▶ **WORK INSTRUCTIONS**
Transcribe the data as written, minus images.

▶ **AVAILABLE DATA**
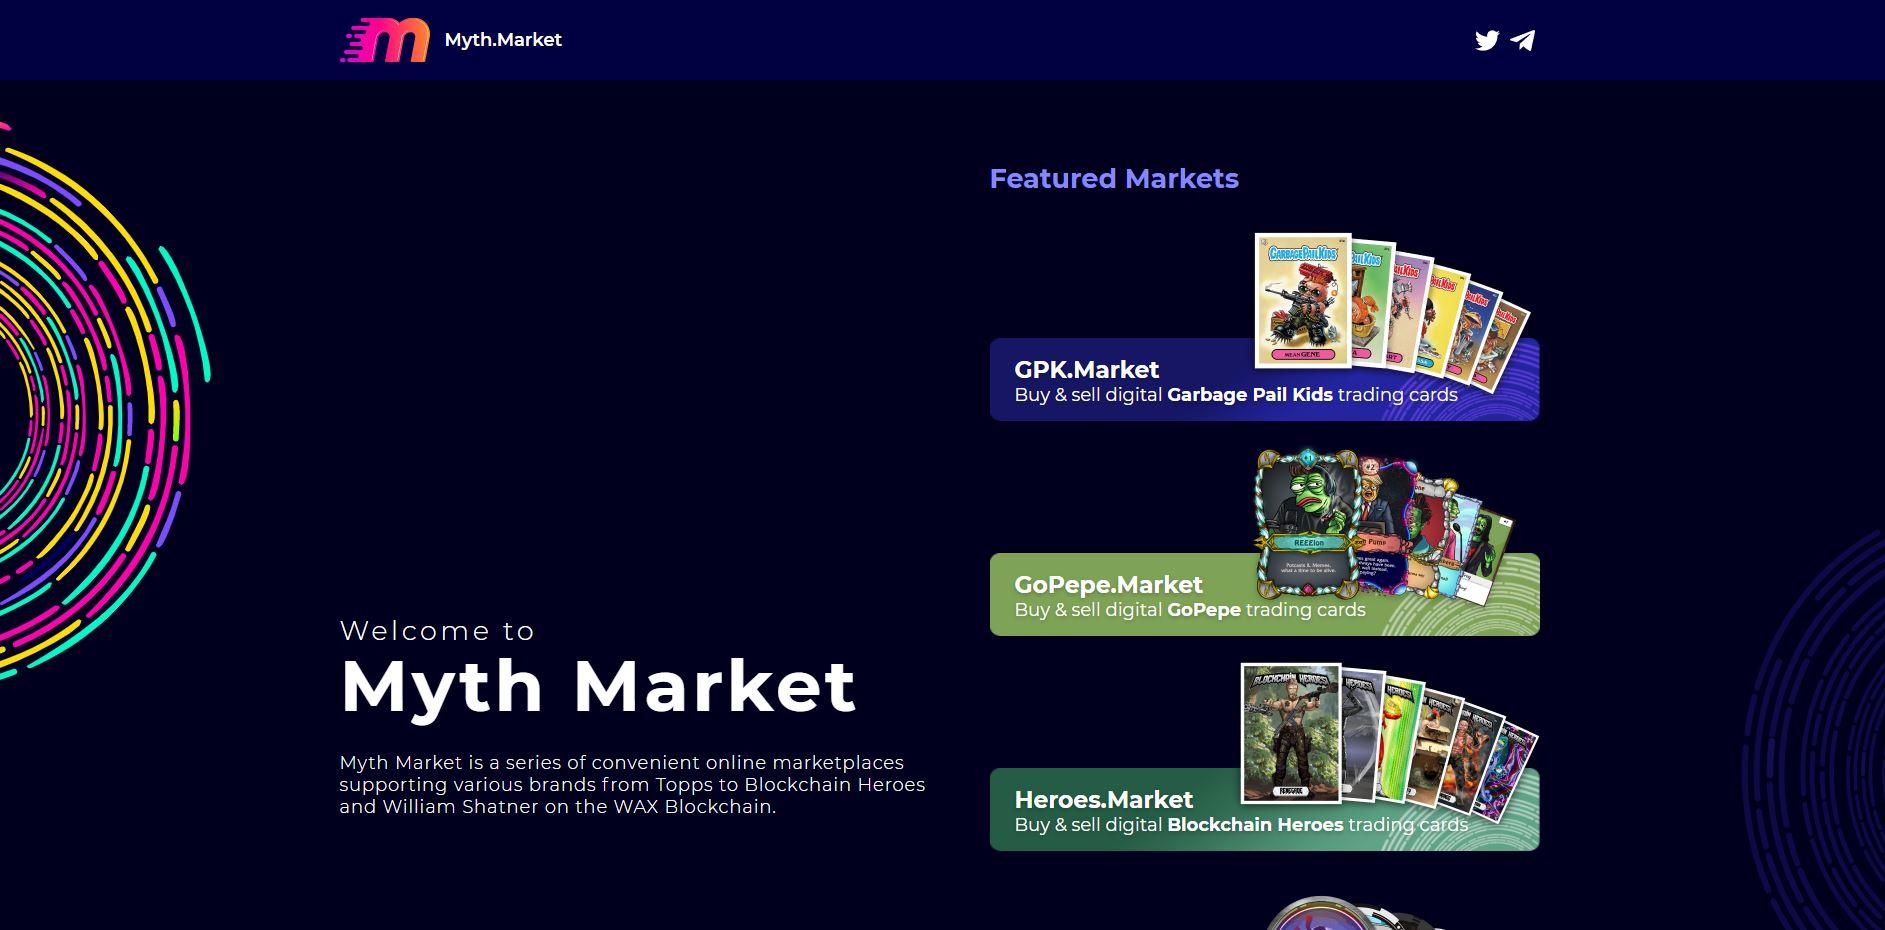 myth market interface
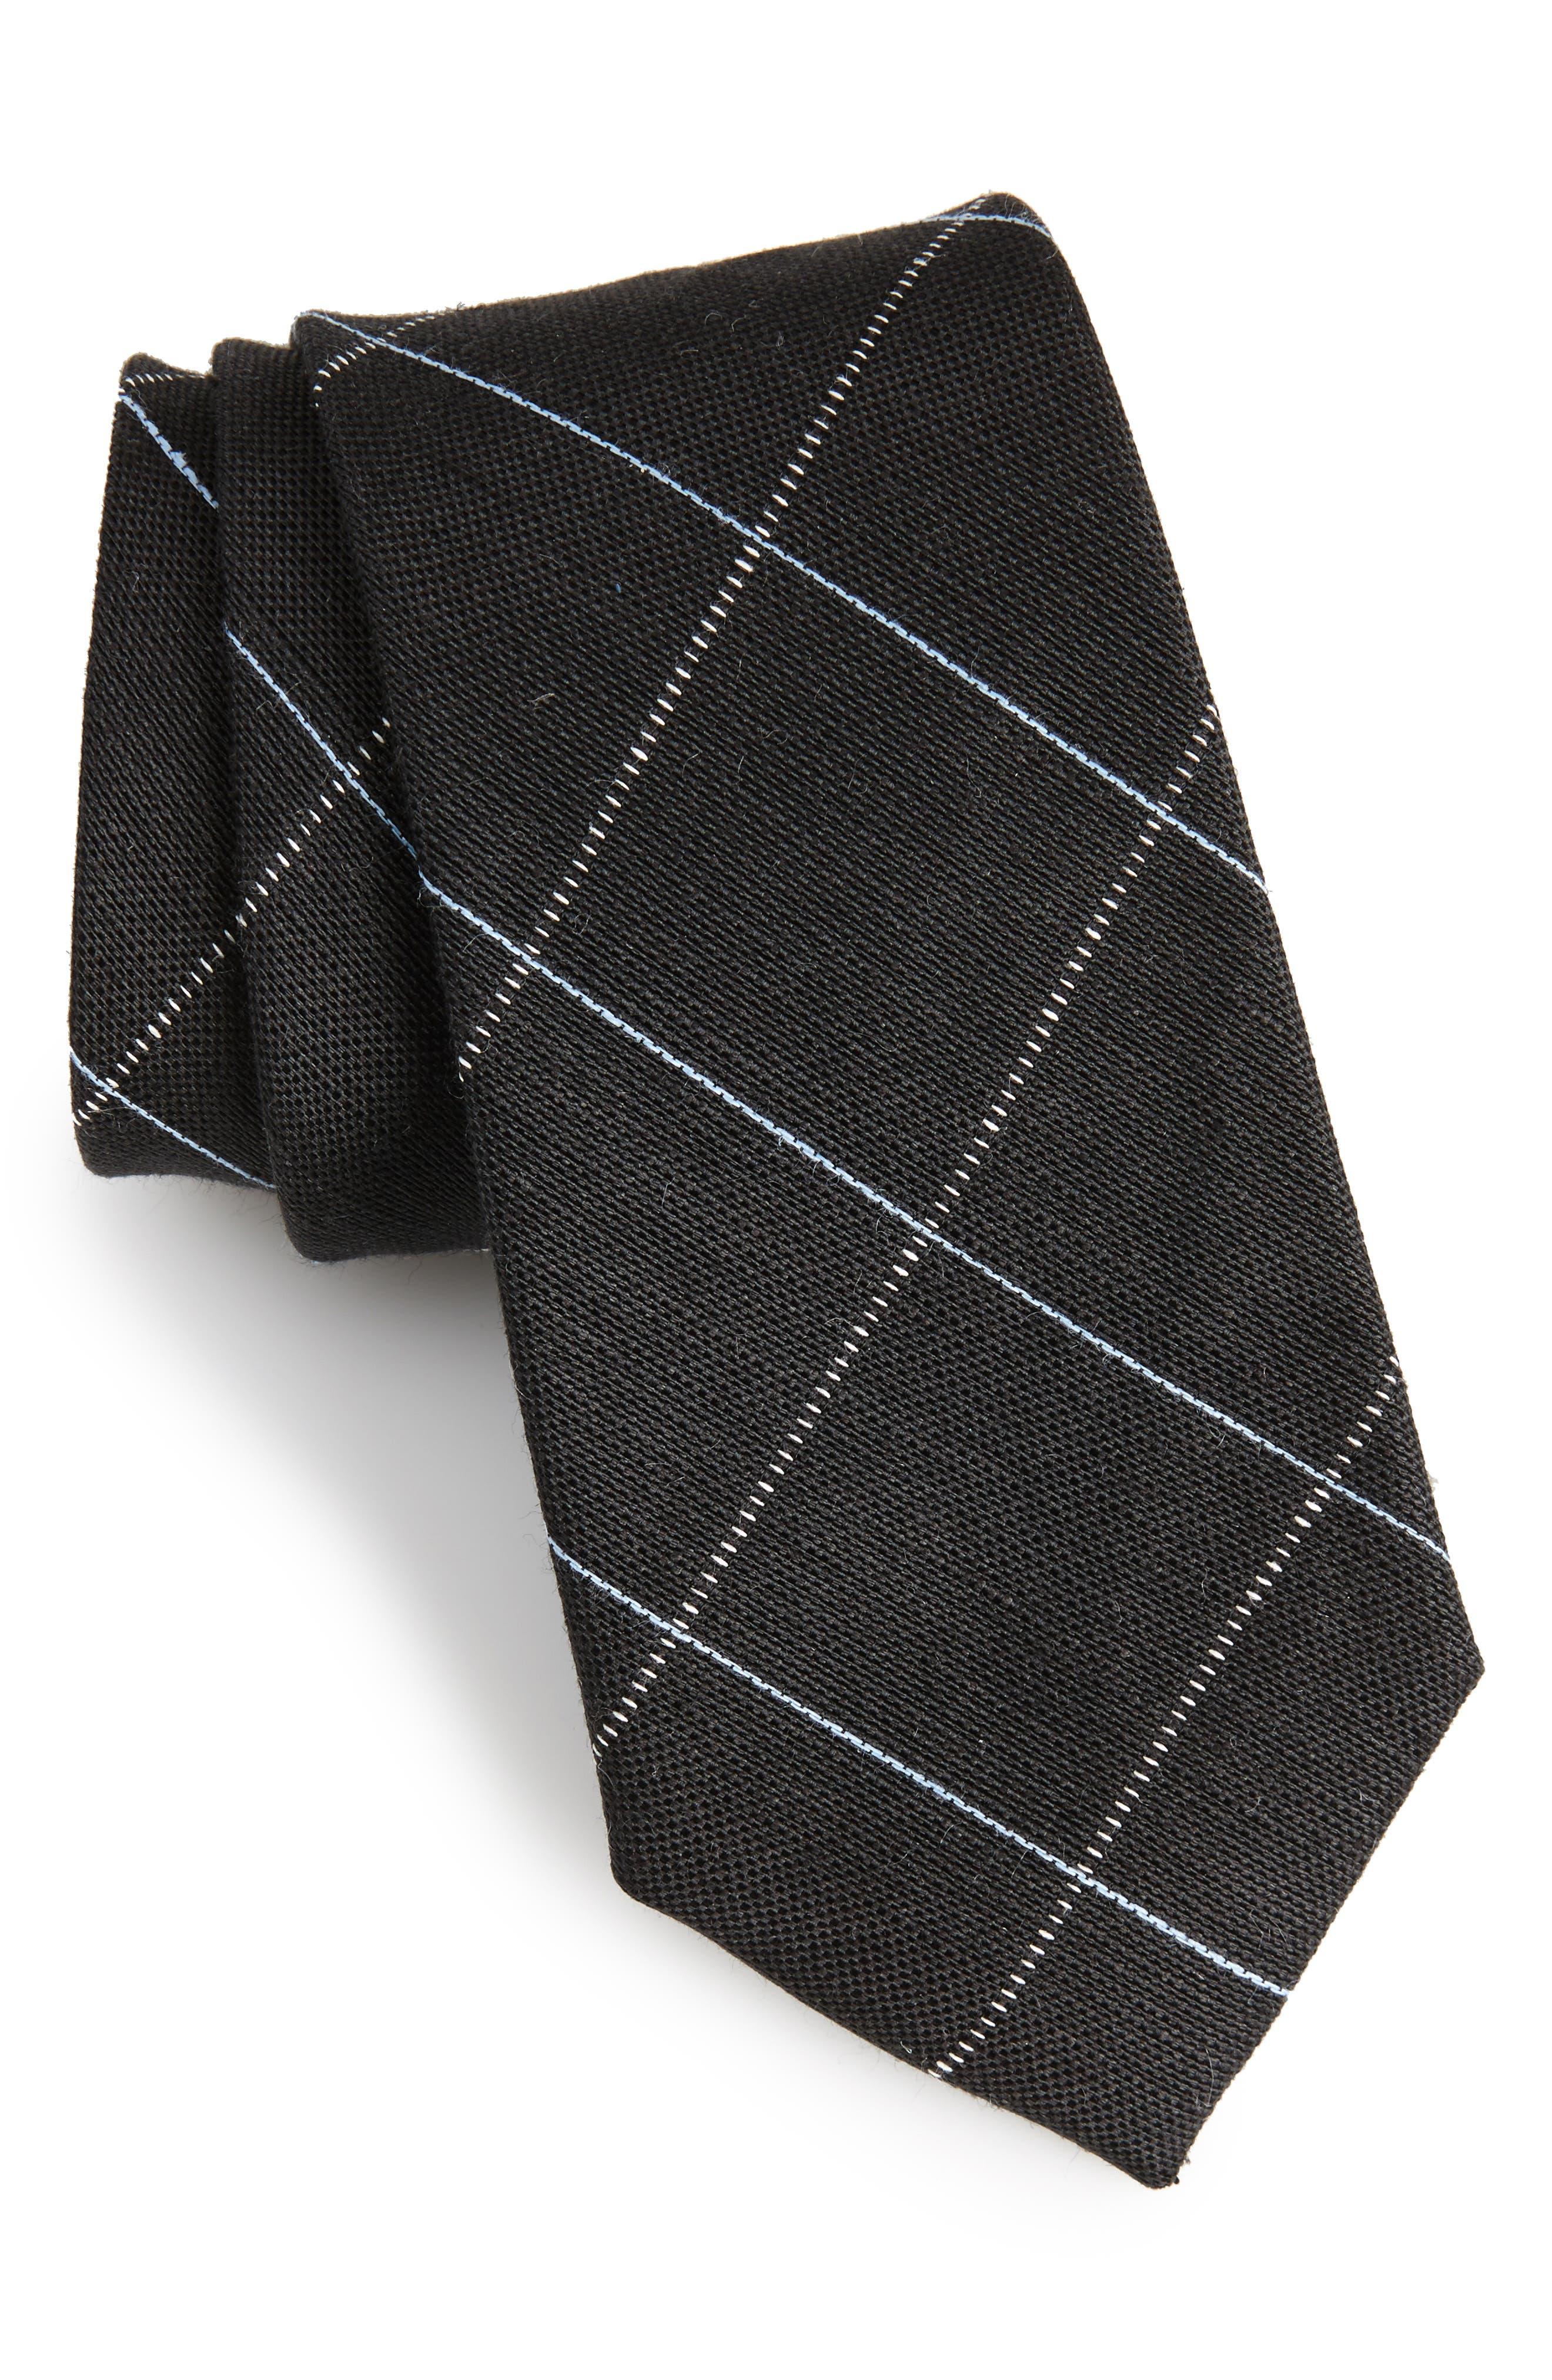 Alternate Image 1 Selected - Calibrate Candler Grid Linen & Silk Tie
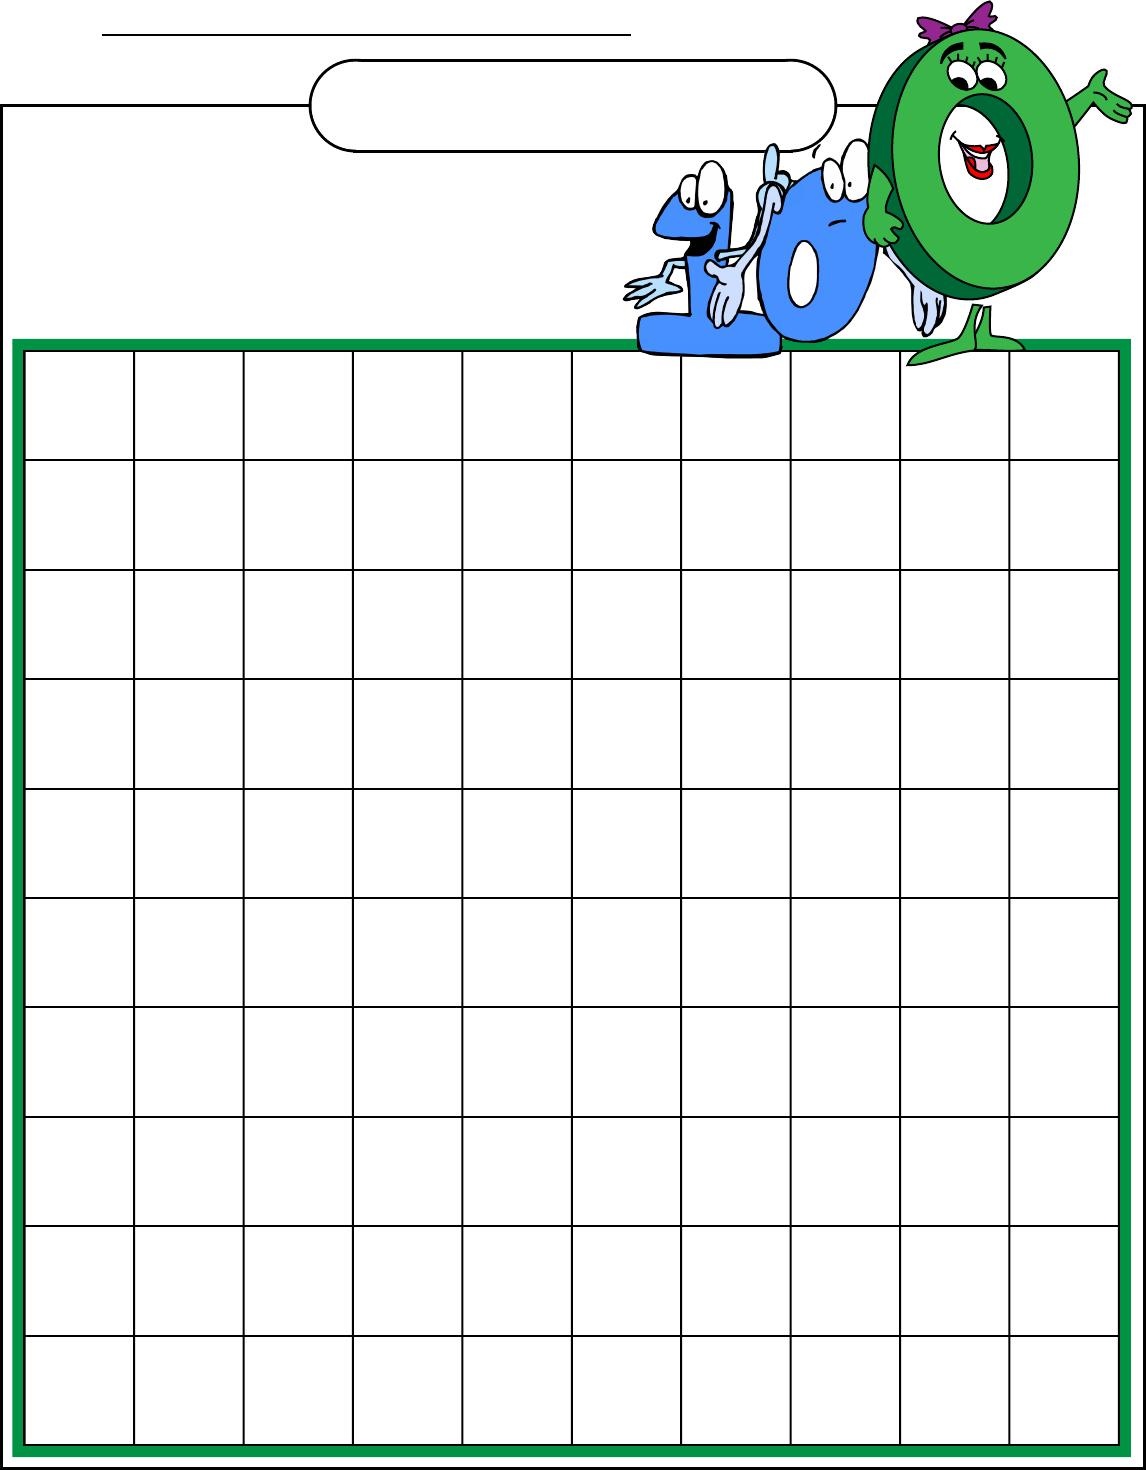 Free Hundreds Chart Blank - PDF | 162KB | 1 Page(s)

▶ **FINISHED TASK**
 myth market interface
 Alternate Image 1 Selected - Calibrate Candler Grid Linen & Silk Tie
 Free Hundreds Chart Blank - PDF | 162KB | 1 Page(s)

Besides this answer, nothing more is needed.